Listen, I've got entertaining company. You can't expect me to be 100%
on track. And it was this or telling you how I lost the battle of who
gets the armrest on the bus ride to Prague on Tuesday, and really: yawn.

In better news, I found my camera! Pictures next week! Really!

whoops

I was off baby-wrangling again and totally forgot to write anything.

HAPPY HROMNICE! Happy so I've heard the sun might come back someday, that's nice.

Uhm. It's Squire's birthday today. We're all very excited as he hasn't canceled it yet. There used to be a story around here somewhere about how he canceled his sixth birthday, but that sort of went away in the Great Blog Tragedy of 2006 (because I was writing this thing back in 2003, my friend, back when we kept blogs on typewriters) and so you'll just have to trust me that it's a really good story. But anyway he hasn't canceled this one, so apparently Friar and I are hosting a mess of boys (that's the collective noun, right?) at a bowling alley. We rented the whole bowling alley! Your 12th birthday was never so good, was it.

The funniest thing that happened in my brain this week was trying to theoretically explain Alanis Morisette's cover of "My Humps" to someone who has never heard the song or heard of Alanis Morisette; the Obvious Logical Comparison was "It's like if Sylvia Plath wrote a version of 'Hills Like White Elephants.'" It would be full of bloody clumps of hair and tissue and you would feel somewhat soiled after you read it.

I think I have time to shave my head before the party. The hair (though not in bloody clumps) is getting Really Long, like possibly even 2 inches, and it looks ridiculous when I take off my hat. Am I more likely to scare the kiddies if I'm bald, or if I have hat head? These are the times that try my soul. I won't speak for the rest of humanity.

holey underpants, batman!

We were going to go to the cottage last weekend but then I had this
dream about squatters and I couldn't face them so we didn't go.
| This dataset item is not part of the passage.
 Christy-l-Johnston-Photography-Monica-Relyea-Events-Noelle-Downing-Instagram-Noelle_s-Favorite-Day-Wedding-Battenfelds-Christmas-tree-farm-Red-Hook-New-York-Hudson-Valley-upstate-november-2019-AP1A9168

I
wanted to make a Productive Weekend to compensate, so we stayed home
and did Important Things like figure out why my pretty iPod hates me
and I closed out all the 2008 paperwork.

And I cleaned out the closet. I am ratty girl who works in her ratty jammies and that's how it is.
But sometimes I start thinking maybe all my clothes don't have to
be so ripped punk rock and I go on a rampage. Such it was this weekend. And when I
had a bag full of horrific nasties I gave them to Squire to take down
to the trash.

Wow, this is kind of harder to tell than I thought. Okay so the way
trash goes here is you obviously take your plastic, glass, and paper to
the recycling. Then you put IN the trash can the things that are trash.
You put NEXT TO or ON TOP OF the trash can the things that are trash
for you but might be treasures for others. I have a certain amount of
pleasure in running stuff down to the NEXT TO trash and then waiting to
see how long it takes to disappear. In particular outgrown clothes are
fun to watch: when you have a kid, they outgrow shoes at an amazing
rate, and since I don't feel like dealing with second-hand stores we
just put the shoes by the trash and pouf! Gone!
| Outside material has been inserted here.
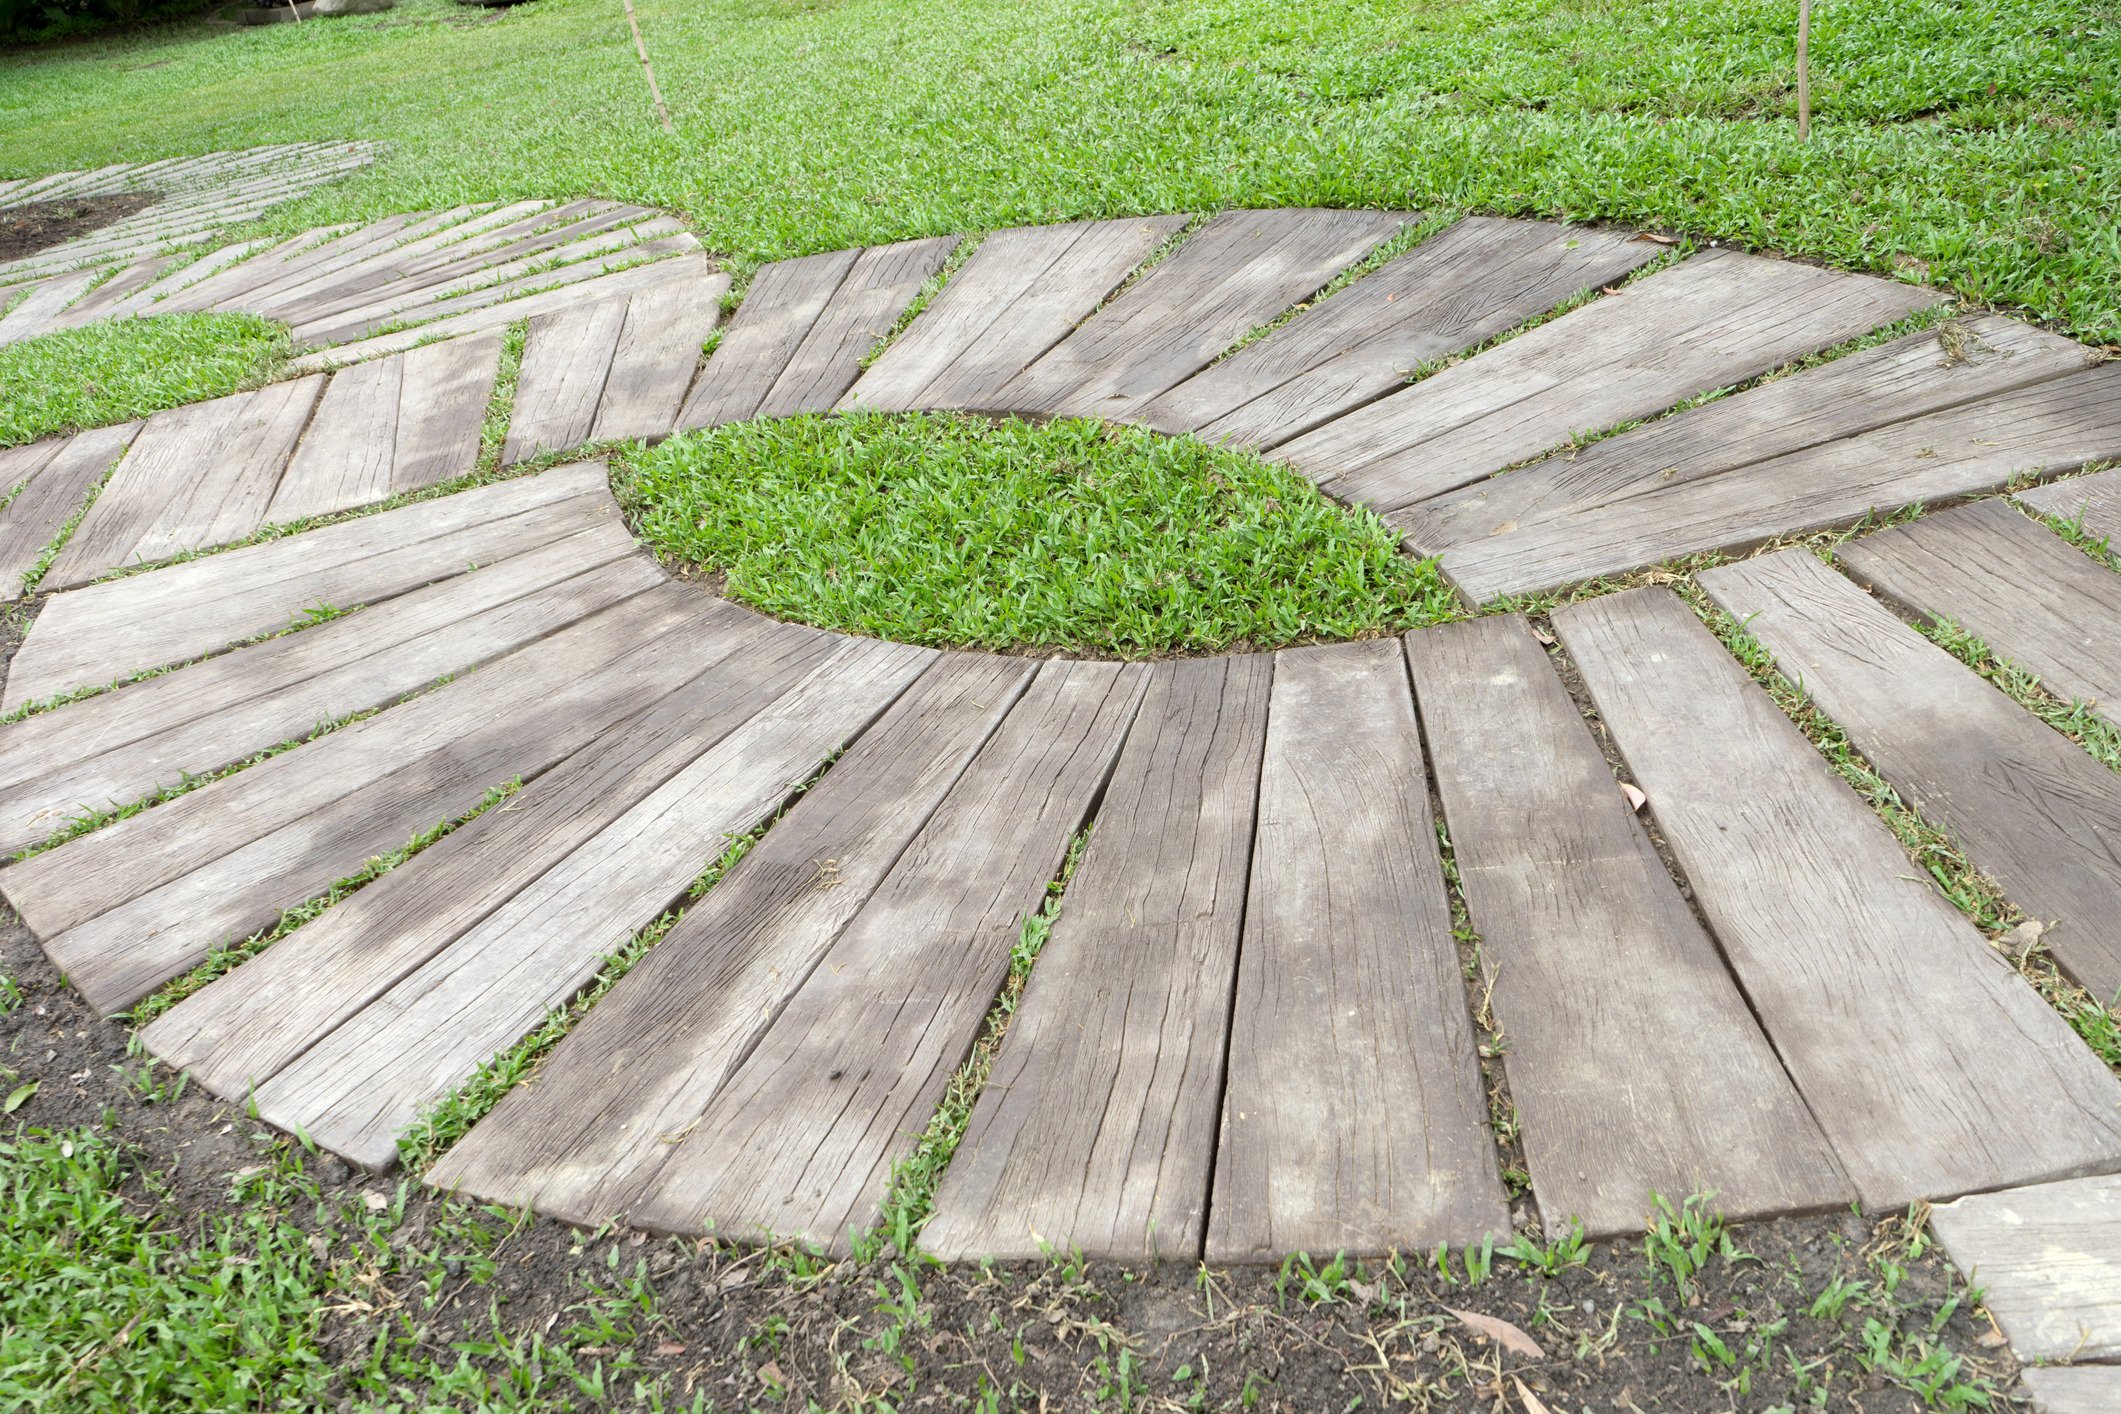 Wooden planks in walkway on grass

But these clothes were not for anybody but the trash man. I mean: who wants toeless socks? So Squire went down to the trash cans but they were full. So he came
back up with the bag of clothes. And I said: just stuff it on top. But
he misunderstood, I guess, and so he placed the bag on top of the trash
can.

And this morning I woke up to watch the trash men take things away and
there were my rip torn underpants all draped all over. Like somebody
went through this bag of old socks, torn sweats, and nasty old
underpants and draped them out nicely for the next customer.

I don't even know if I can show my face in the neighborhood again. That is all.